I have a large uint8_t
array (size = 1824 * 942). I want to do the same operation to each element. Particularly I need to subtract -15 from each element.
This array is refreshed 20 times per second, so time is an issue and I'm avoiding loops over the array.
Is there an easy way to do this?
You can just write a function with a plain loop:
void add(uint8_t* a, size_t a_len, uint8_t b) {
for(uint8_t* ae = a + a_len; a < ae; ++a)
*a += b;
}
And hope that the compiler vectorizes that for you, which it does, see assembly.
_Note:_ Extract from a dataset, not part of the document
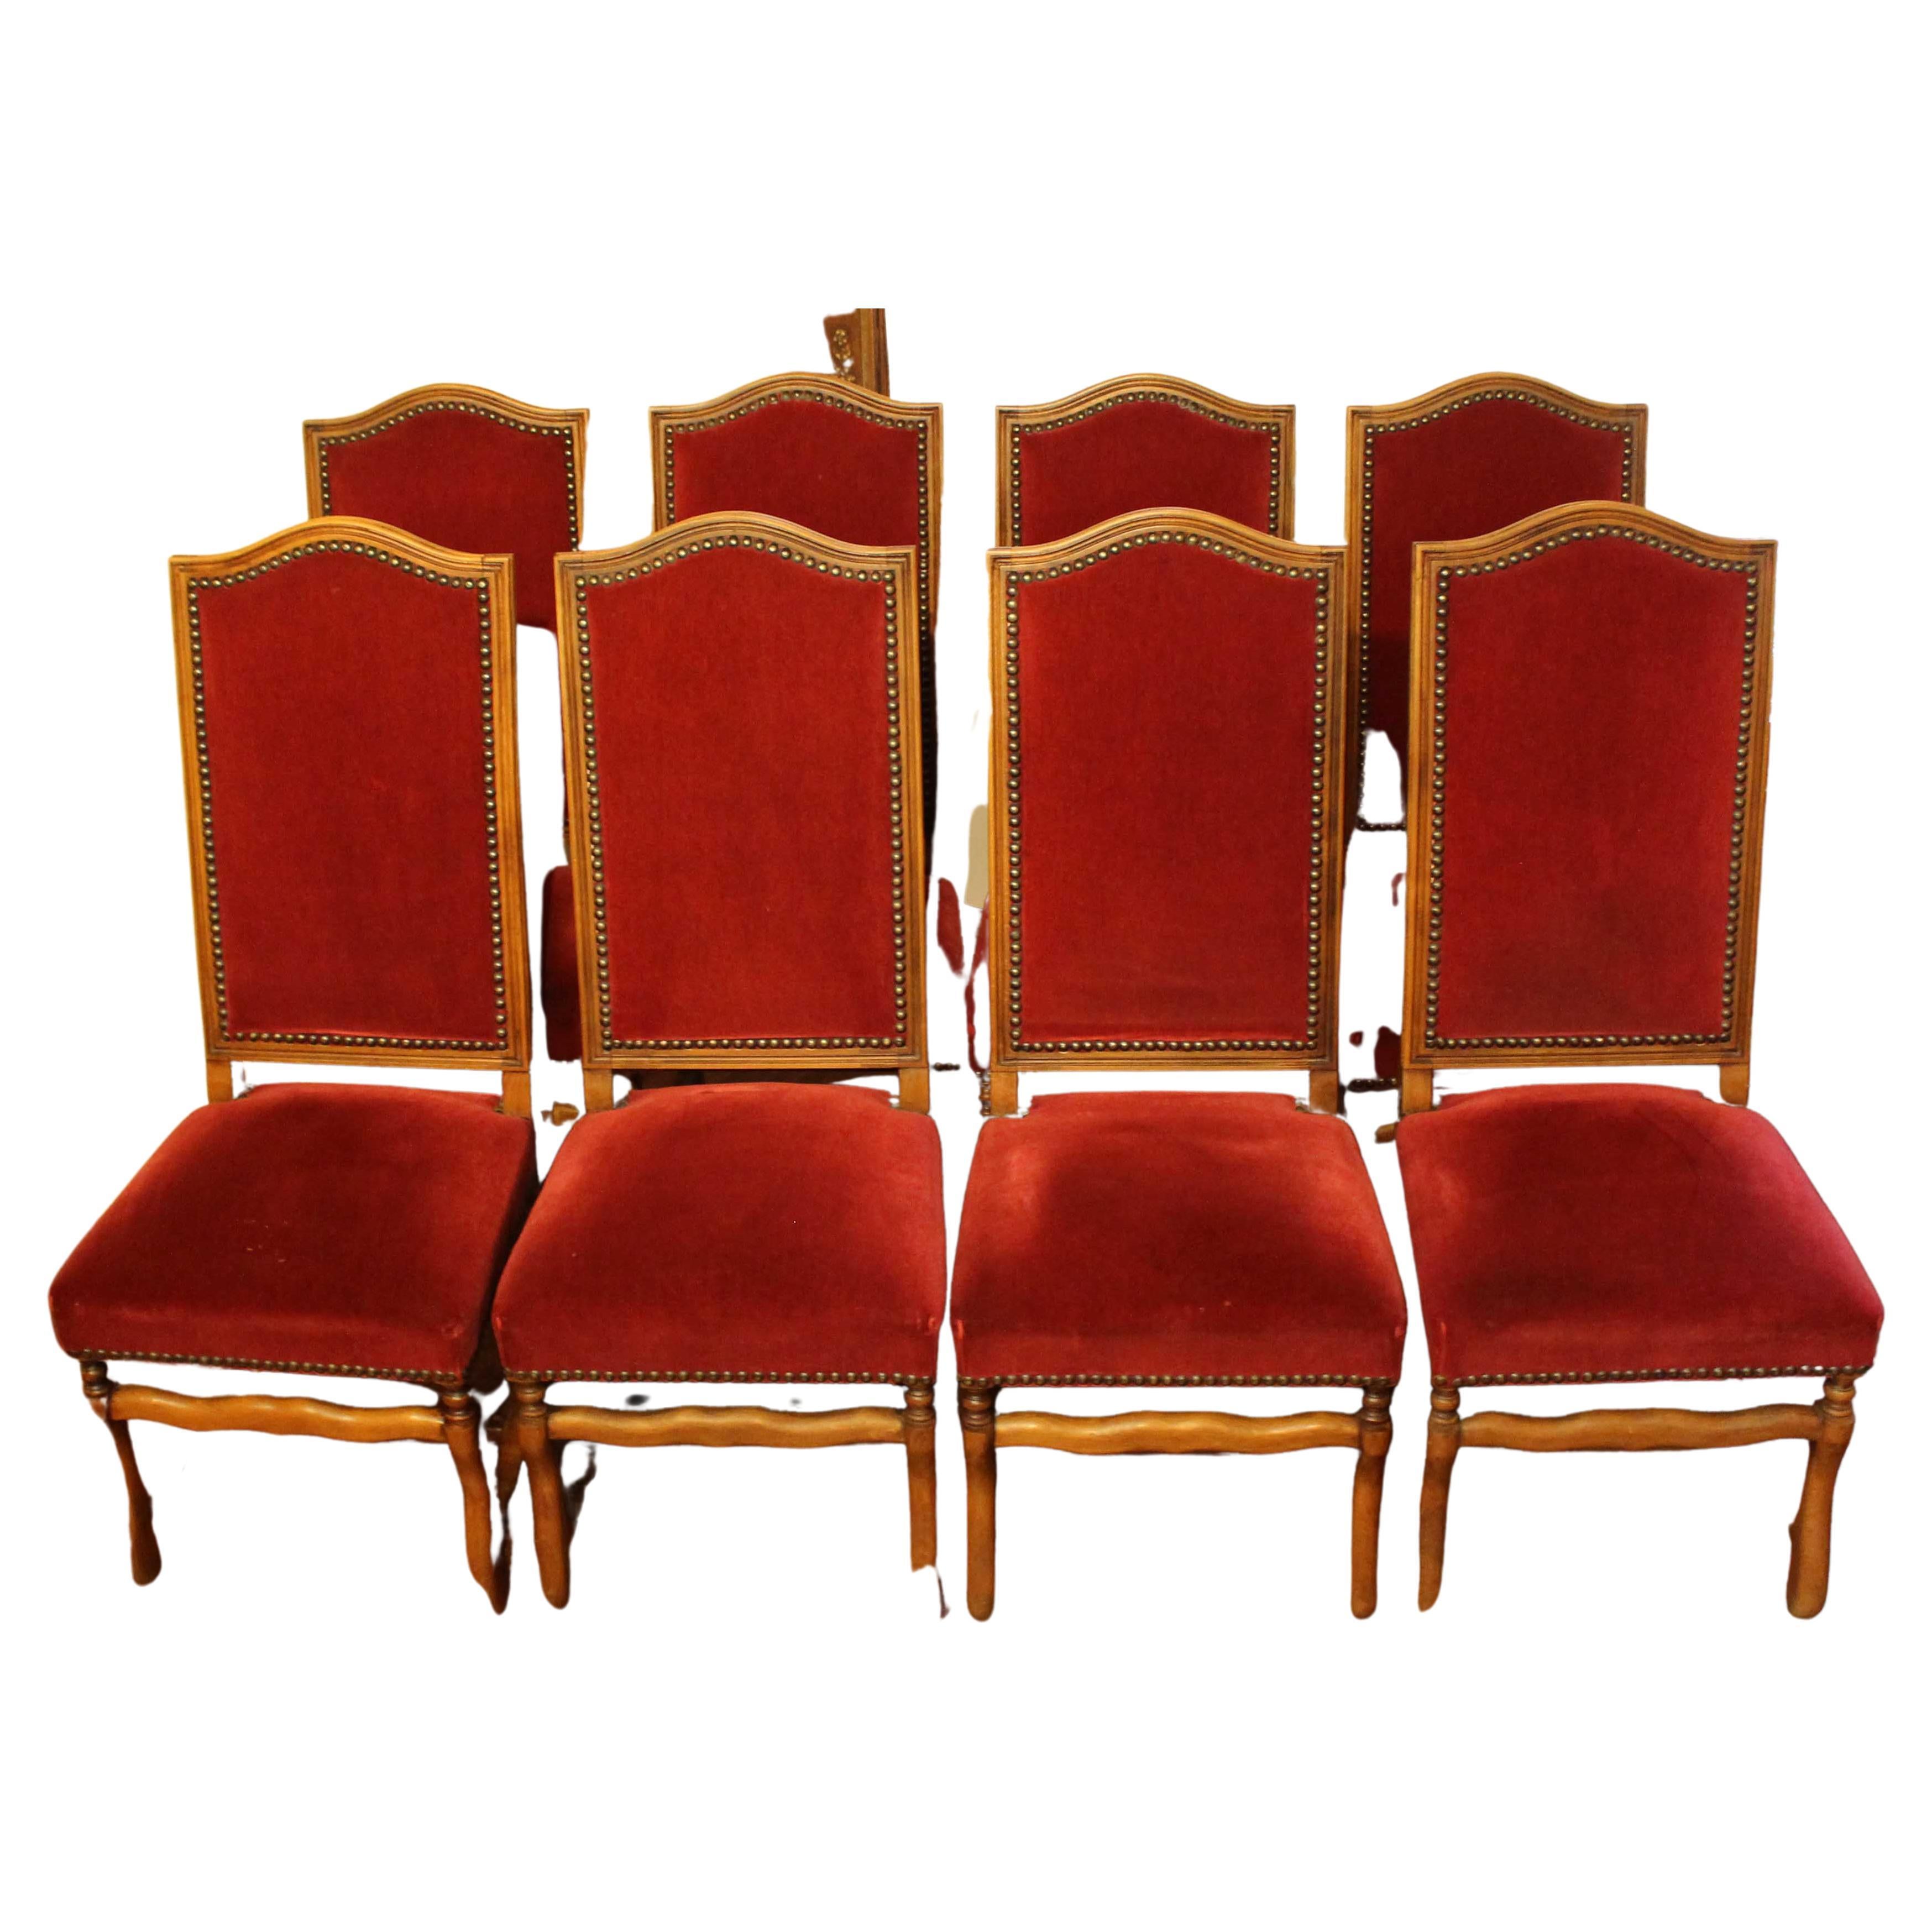 circa 1890s Set of 8 Dining Chairs, French, Louis XIII Style

Solutions with std::for_each
and std::transform
such as:
void add(uint8_t* a, size_t a_len, uint8_t b) {
std::transform(a, a + a_len, a, [b](auto value) { return value + b; });
}
Should generate exactly the same code, but sometimes they don't.
[Updated]
Out of curiosity, I benchmarked the following solutions:
#include <benchmark/benchmark.h>
#include <cstdint>
#include <array>
#include <algorithm>
#include <immintrin.h>
constexpr size_t SIZE = 1824 * 942;
alignas(32) std::array<uint8_t, SIZE> A;
__attribute__((noinline)) void add_loop(uint8_t* a, size_t a_len, uint8_t b) {
for(uint8_t* ae = a + a_len; a < ae; ++a)
*a += b;
}
__attribute__((noinline)) void add_loop_4way(uint8_t* a, size_t a_len, uint8_t b) {
a_len /= 4;
for(uint8_t* ae = a + a_len; a < ae; ++a) {
a[a_len * 0] += b;
a[a_len * 1] += b;
a[a_len * 2] += b;
a[a_len * 3] += b;
}
}
__attribute__((noinline)) void add_transform(uint8_t* a, size_t a_len, uint8_t b) {
std::transform(a, a + a_len, a, [b](auto value) { return value + b; });
}
inline void add_sse_(__m128i* sse_a, size_t a_len, uint8_t b) {
__m128i sse_b = _mm_set1_epi8(b);
for(__m128i* ae = sse_a + a_len / (sizeof *sse_a / sizeof b); sse_a < ae; ++sse_a)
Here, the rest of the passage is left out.